Another person told us that we may be able to roof this section to get around it? (although that would not help us with the termite barrier). 
Another thought was to cut the 200mm out and leave it, but I would assume there would be something in the building code that would prevent us from leaving it as described. 
Any thoughts would greatly be appreciated as I have no knowledge of the building code and seem to be getting mixed answers from the BSA/council. 
Cheers!

----------


## woodchip

Hi, 
What type of termite protection do you have? 
Was there a stuff-up with the external slab height? 
Does the external slab slope away from the building?, if it does surely the drain would be a waste of money, or could be set down the required depth so you get the visual on termite barrier as you say. 
cheers

----------


## ringtail

I actually thought you needed 100 mm between slab heights.

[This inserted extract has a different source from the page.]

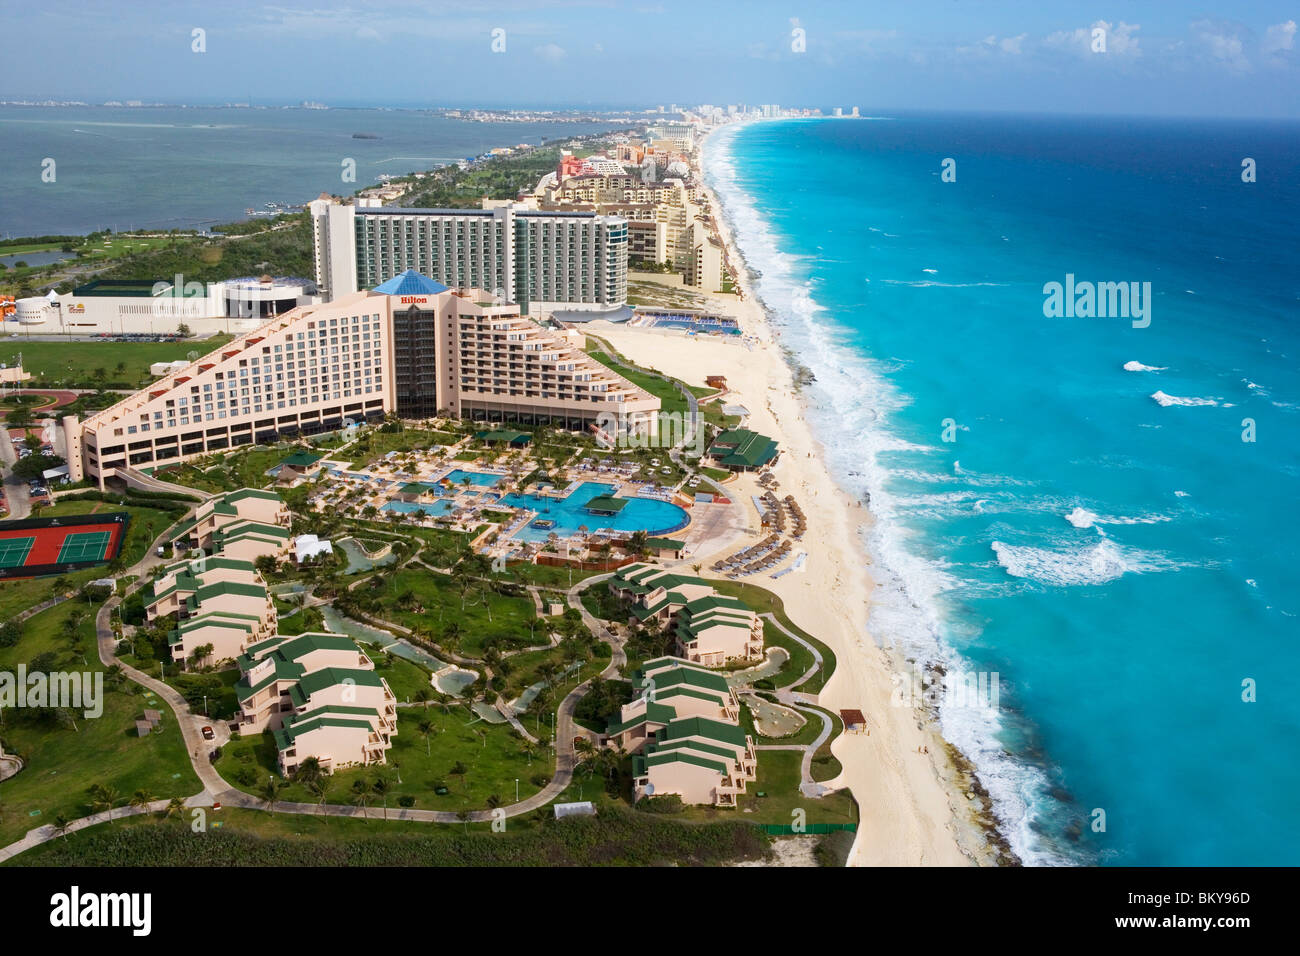 Aerial Of The Hilton Cancun Spa Resort In The Zona Hotelera Cancun

This is the norm for garages that have a entry into the house and all the slab on ground houses that Ive had anything to do with. I must admit I havent had a look through the BCA regarding the issue but it certainly is the done thing in Brisbane at least. With as little as 25 mm you may aswell have them level

----------


## woodchip

Gday ringtail, 
I did a waffle pod slab on flat ground some years ago that had a 1 brick (86mm) step down into garage from internal access to it. 
However I have just had a strip footing & infill slab engineered, with no step down into garage area from internal access (2x bedrooms, bathroom & laundry on same level).
I also havent looked at BCA on it, left it to the engineer. 
cheers

----------


## ringtail

Ok. BCA states - 25 mm slope over the first metre in *low rainfall intensity areas* or 50 mm in any other case. 
For* slab on ground dwellings* 
100 mm in *low rainfall intensity areas* or
50 mm if concrete ( impermeable) *and it must slope away as per the above* or
150 mm in any other case   *So, if you had 50 mm set down and the outside slab sloped away from the house slab 50 mm in 1 mt you would be ok. For termite you need at least 75 mm exposed edge of the house slab - unless the two slabs were poured as 1 monolithic slab or termimesh has been chased into the house slab before the outside slab was poured. Given that you live in Brisbane ( from memory), you have a serious issue. Rip it up and start over. * Thesefigures do not take into account the sewer and gully trap height clearances from the lowest sanitary fixture ( floor waste) either. 
Nearly forgot to mention that nothing has changed since you asked the same questions a year ago

----------